首先確保
data.txt的換行字元(Newline Character)是CR+TF(Windows)
Encoding是UTF-8 without Signature
如果不按這個標準來,很容易出現詞條數目對不上。
下面正式進行troubleshooting:
1.Invalid keyword at position
這是最常見的問題之一,可以使用谷歌搜尋:
site:pdawiki.com Invalid keyword at position:
Begining loading source file...
Content is longer then 8388608 at position: 0 of the source file
Failed to load source file, process cancelled
Begining loading source file...
Invalid keyword at position: 155387606 of the source file
Failed to load source file, process cancelled
Begining loading source file...
Invalid keyword at position: 155387606 of the source file
Failed to load source file, process cancelled
可能是某個詞頭缺失,導致</>的上一行,是空行。
可以在sublime text中開啟檔案,使用正則搜尋搜尋:
^\s\n
把詞頭新增上去即可。
如果想要精確定位到position: 155387606
可以在notepad++中開啟檔案,然後在Search > Go To(或者直接快捷方式:Ctrl + G),在彈出的皮膚中,選擇Offset,把155387606輸入,按OK,即可定位。

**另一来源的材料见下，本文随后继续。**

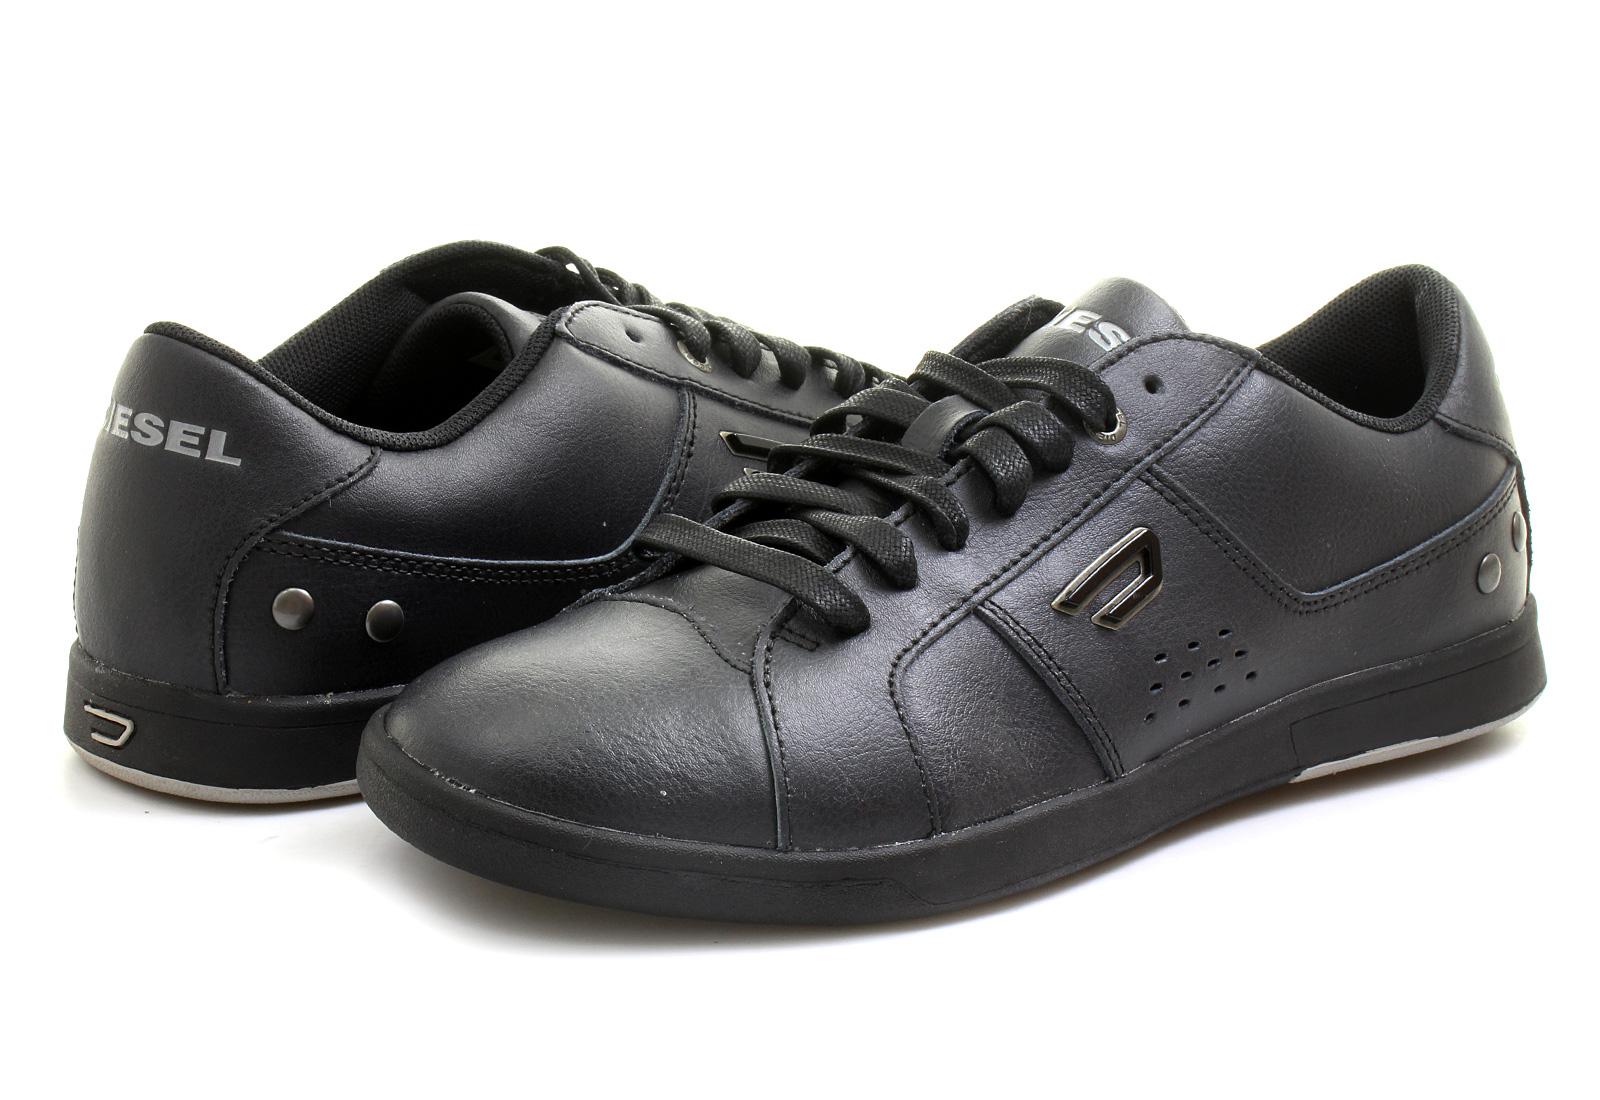 Diesel Shoes - Gotcha - 985-371-8013 - Online shop for ...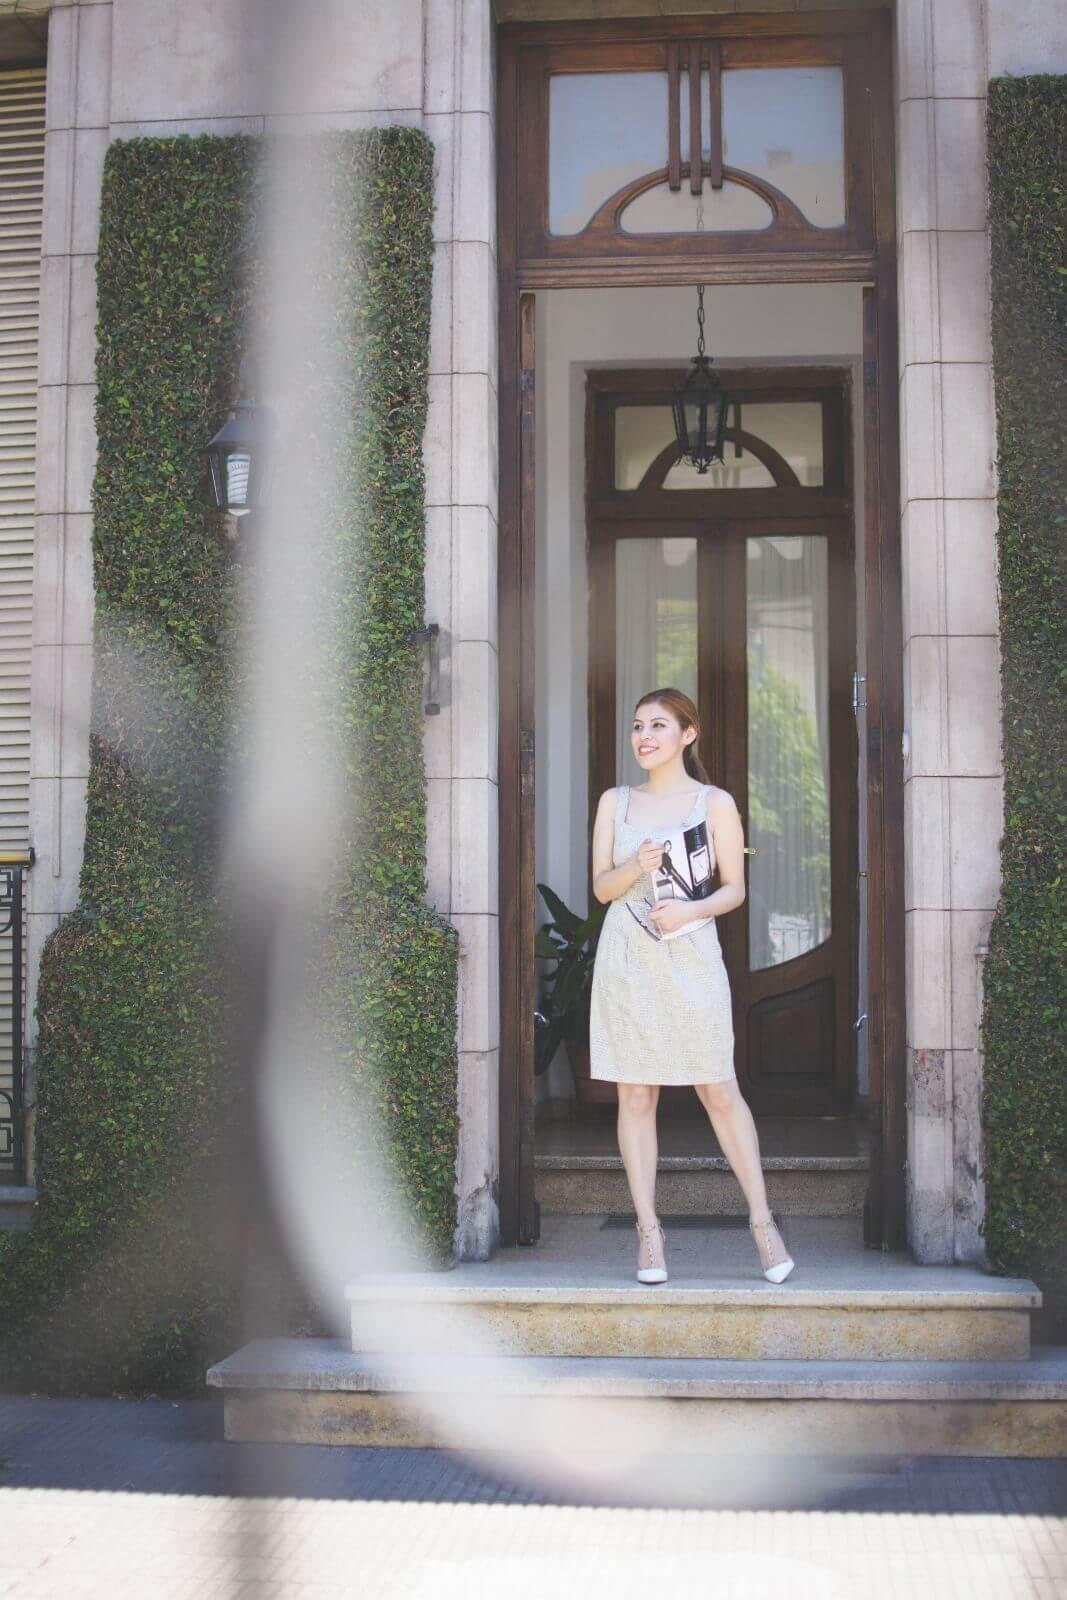 almond-white-dress-sammydress-stilettos-valentino-rockstud-imitation-deborah-ferrero-style-by-deb-ladylike13

參照:https://www.pdawiki.com/forum/forum.php?mod=redirect&goto=findpost&ptid=29944&pid=829673
Begining loading source file...
Done
Time used for this section: 2 seconds
Sorting dictionary...
Done!
Begin processing index...
Done!
Original index size = 1607KB, compressed size = 630KB, compression ratio = 39%
Time used for this section: 0 seconds
Begin processing data contents...
Done!
Original text size = 385953KB, compressed size = 46816KB, compression ratio = 12%
Time used for this section: 10 seconds
Number of entries: 91531
Conversion succeed!